Monday, Jun. 23, 1952
1970?
THE DEVIL'S ADVOCATE (375 pp.)--Taylor Caldwell--Crown ($3.50).
"In 1932," says the hero of Devil's Advocate, looking back almost 40 years, the U.S. elected to the Presidency a man "whose twisted mind stands out against the black background of history like a conflagration." By his "Machiavellian villainy," the workers were induced to sell their birthright of freedom for a mess of security, the farmers were bribed with subsidies into fatted acquiescence, the middle class was almost obliterated.
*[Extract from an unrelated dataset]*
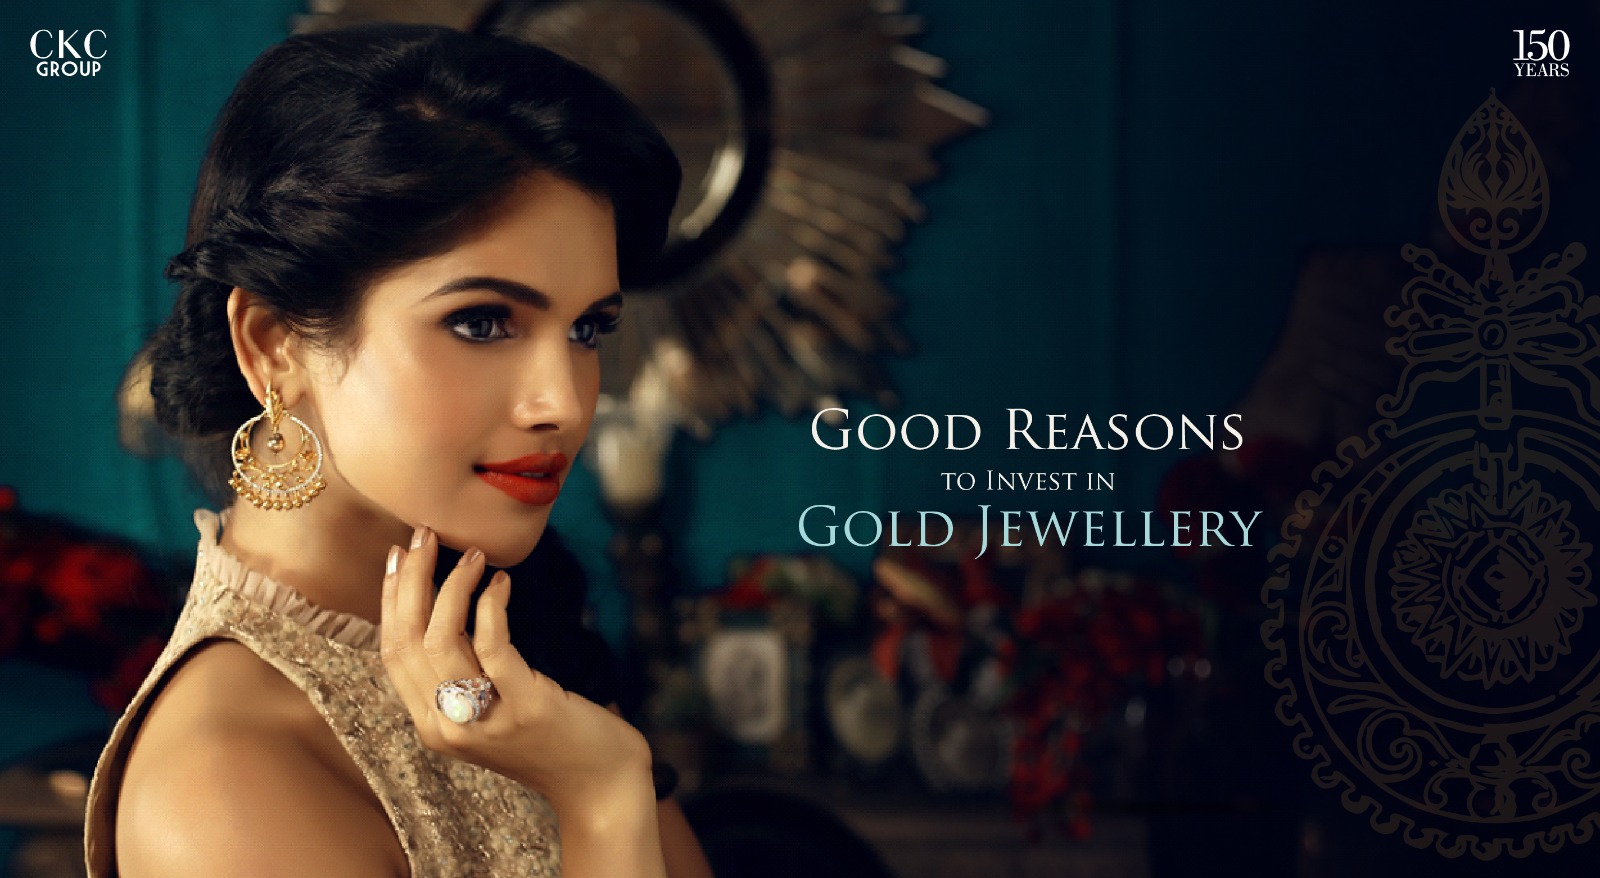 Good Reasons to Invest in Gold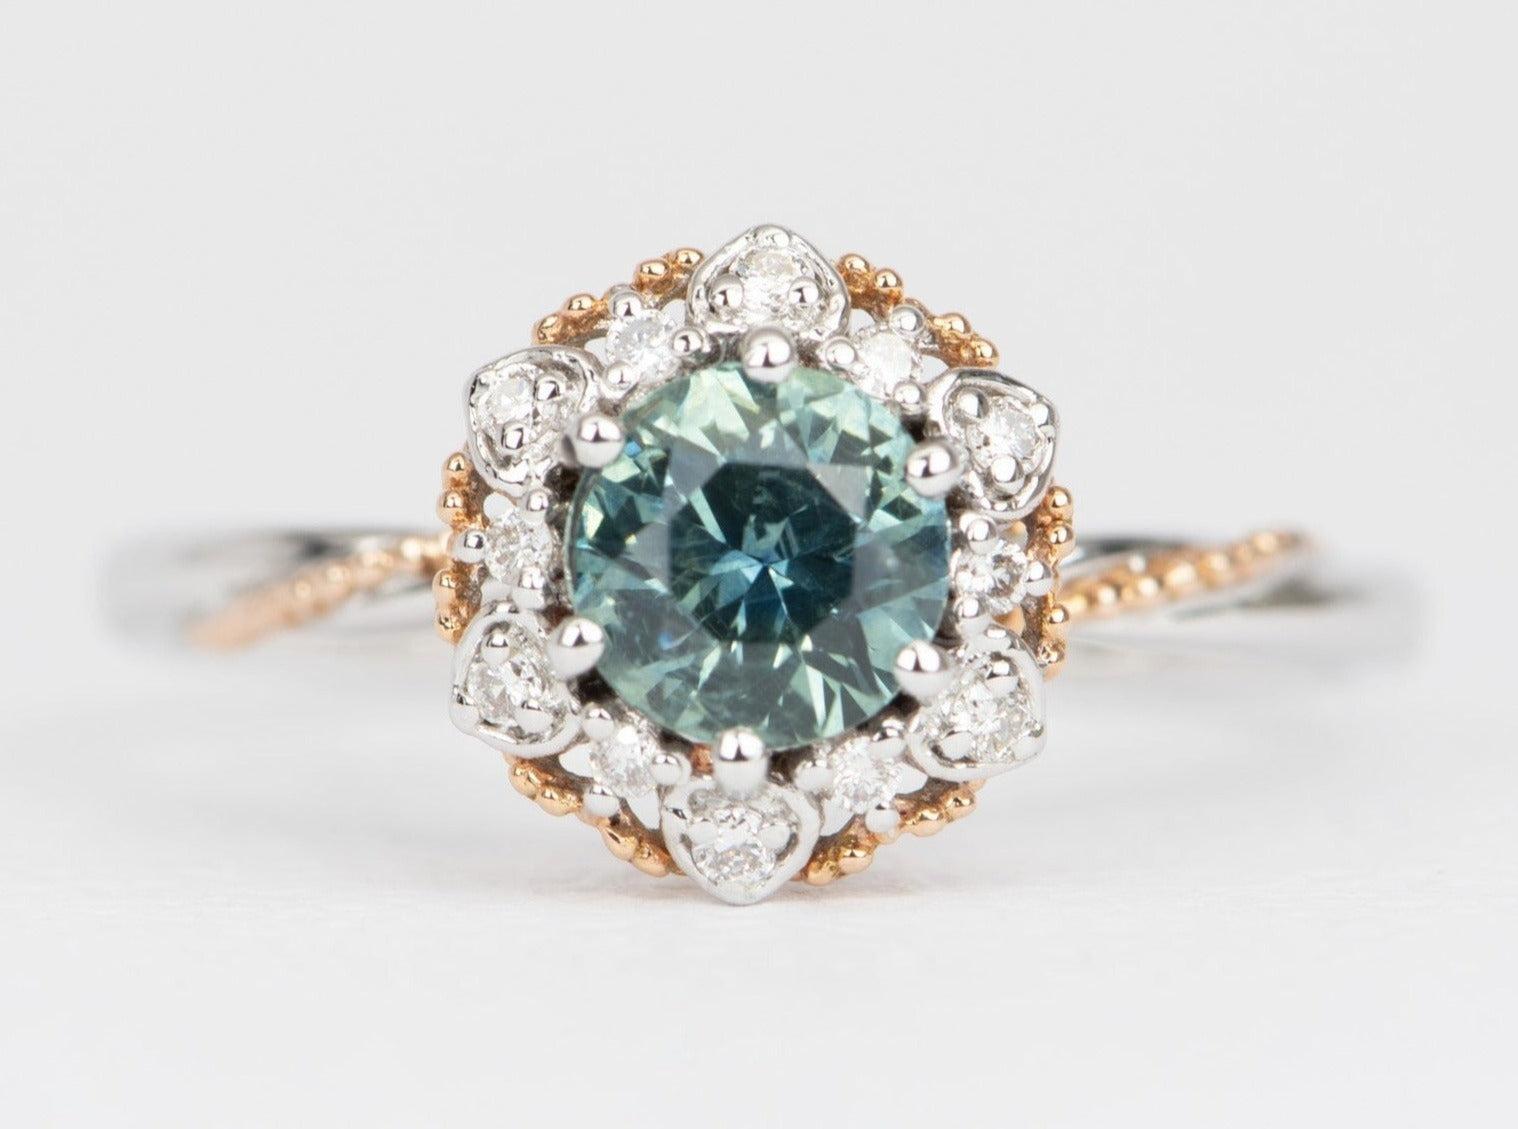 A beautiful teal blue Montana sapphire in the center, adds a pop of color and individuality to the piece, making it a special choice for an engagement ring. The floral style of the ring adds a touch of elegance and femininity, making it a perfect

Wars were plotted, says the hero, in order to keep the President and his party in power. After Germany's defeat, Russia was built up until she was strong enough to be a respectable antagonist. During World War III (in which Russia was destroyed) the Republican Party was liquidated and the U.S. Dictatorship formally established.
By the time of World War IV (with Britain) the Dictatorship had abolished the 48 states and organized the country into military sections. The Joint Chiefs of Staff, "those greedy and avaricious rascals," became the U.S. Politburo. Thus, the military ruled the new "Democracy," assisted by an executive echelon of bureaucrats and supported by the petted farmers.
The urban "masses" lived on greyly in the crumbling cities, without even cigarettes to solace their degradation. Curiously, a leading symptom of their despair was a marked rise in female homosexuality. Legions of psychiatrists, "the new vampires," policed the souls of citizens.
For this desperate situation the leaders of the U.S. Underground of 1970--the secret society of "Minute Men"--employed a desperate and ingenious remedy. They infiltrated the government, worked themselves into the highest positions, and there began to play devil's advocate with a vengeance. That is, they intensified the tyranny to such an intolerable degree that the people at last revolted. Ironically, it was of course upon their saviors that the chief fury of the people fell, and many a Minute Man perished in the freedom he had provoked.
In The Devil's Advocate, bestselling Novelist Caldwell (This Side of Innocence, Dynasty of Death) has laid aside her wand of romance and taken up the cudgel of politics from what can only be described as a new position, the Neanderthal Right. The only other remarkable thing about Devil's Advocate is that, in its first five weeks, it sold nearly 35,000 copies and according to Retail Bookseller, was the bestselling novel in the U.S. for a week or two.